Passing: An oddity in how it's measured in Soccer (Part I)

In my passion to better understand how soccer is statistically tracked I've come across what I would call is an oddity about the general characterization of "passing" in the world’s greatest sport. Here's the deal - go to Squawka.com, whoscored.com, reference the "Stats" tab on mlssoccer.com, or review Golazo information, and you'll notice they all provide passing information.

My intent is not to dig deep into passing details – not yet, anyway. We’ll get there in another article to follow after I get permission from OPTA to reference their F-24 definitions within their Appendices. For now here's a simple question I have as a statistical person working on soccer analysis.

What is the number of passes I should use for teams and which denominator is the right number for total passes by both teams to help determine possession percentages?

In the MLS Chalkboard you can clearly see and count passes - here's an example from a game this past week.

An important filter to note - the major term 'Distribution' is not to be clicked in creating this filter - all that is clicked is 'successful pass and unsuccessful pass'; note also that some details are provided on the types of passes  - we’ll get there in another article.
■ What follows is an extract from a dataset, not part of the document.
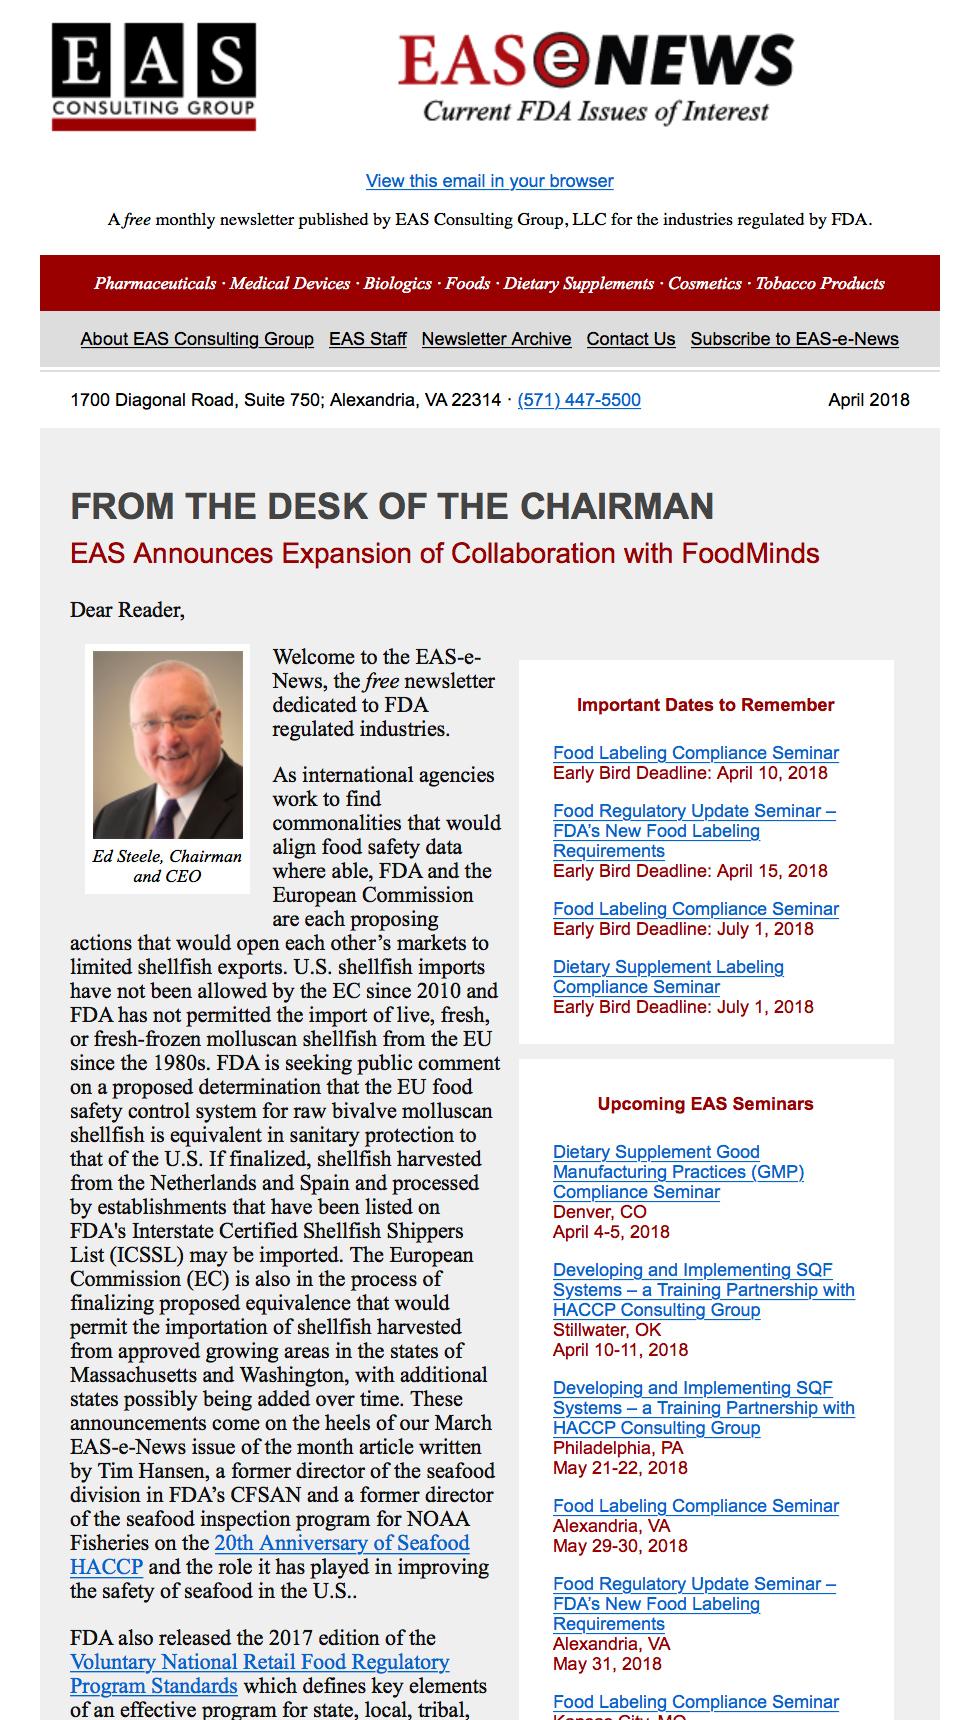 EAS-e-News April 2018

Bottom line is that the MLS Chalkboard identifies 309 successful passes and 125 unsuccessful passes for a total of 434 passes attempted.
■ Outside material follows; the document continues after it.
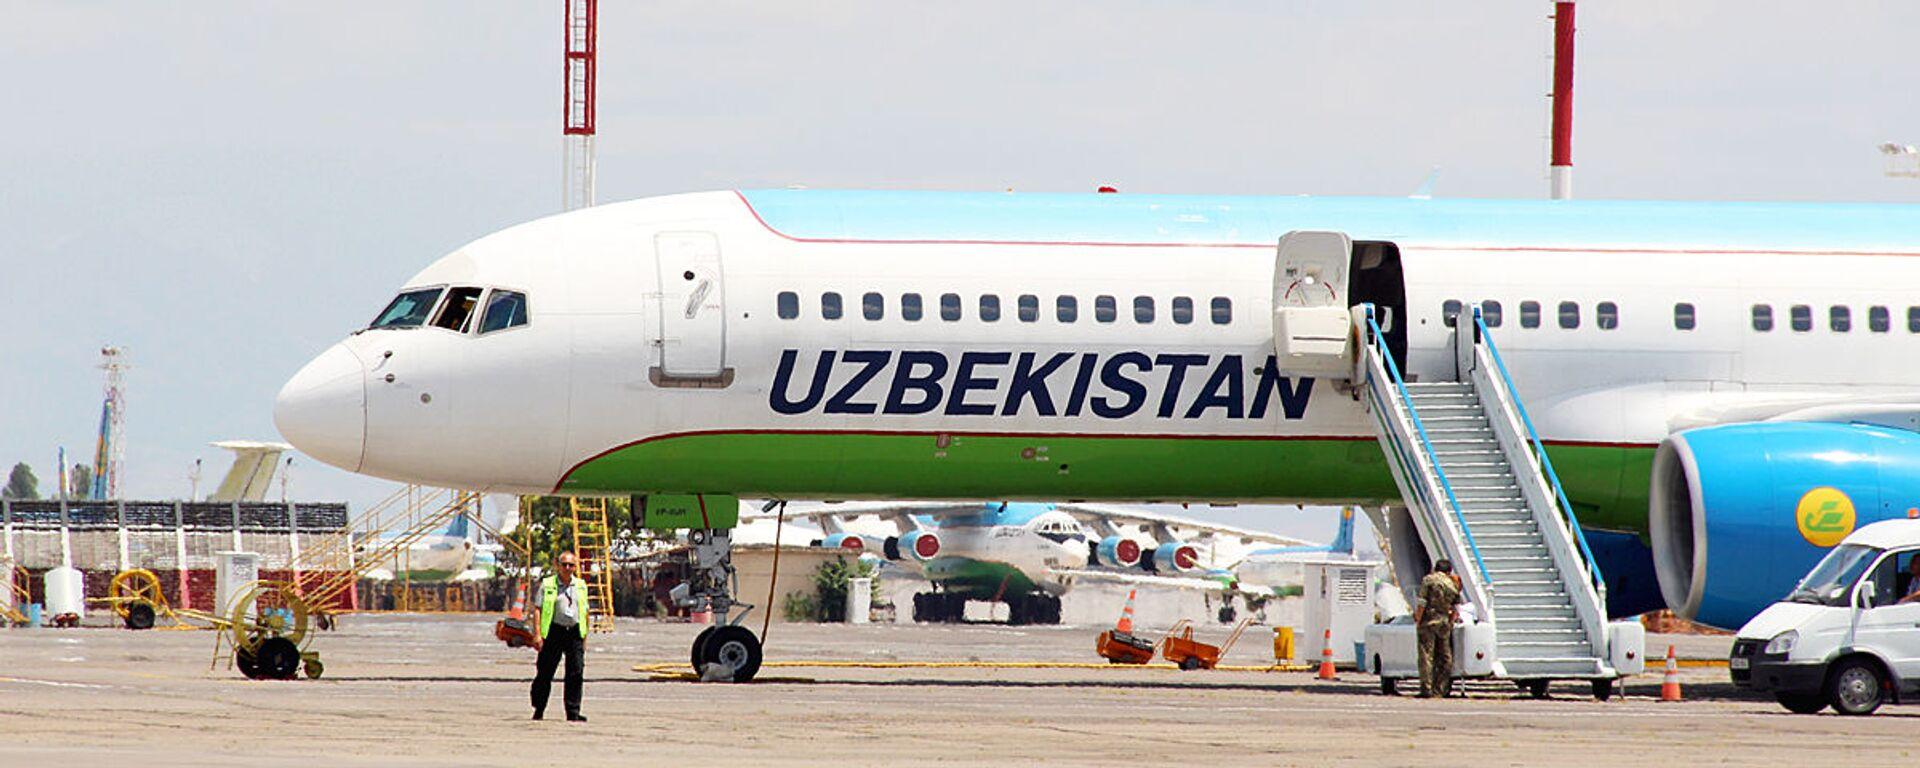 Boeing 757 uzbekskix avialiniy - Sputnik Oʻzbekiston, 1920, 30.06.2021

On the MLS Stat sheet - one tab over but linked here the number of passes for Chivas = 369; that number doesn't match the Chalkboard in either total, unsuccessful or successful.

For Golazo, for that same game here's their total: 369 Passes total with 75% accuracy meaning the total successful passes was 277 and unsuccessful passes totaled 92.  Not the same either.

For Squawka.com here's their total: Successful = 270 /// headers (8), throughballs (2), passes (239), long balls (21) and supposedly crosses (0) Unsuccessful = 86 /// passes (52), headers (14), long balls (20), no unsuccessful crosses or throughballs logged here?! Yet the MLS chalkboard indicates 26 unsuccessful crosses! All told that is 356 passes; those figures don't match the other data sources.

For whoscored.com here's their total: Short ball = 323, Long ball = 52, Through ball = 2, Cross = 35, for a total of 412 passes - again that figure doesn't match the other data sources.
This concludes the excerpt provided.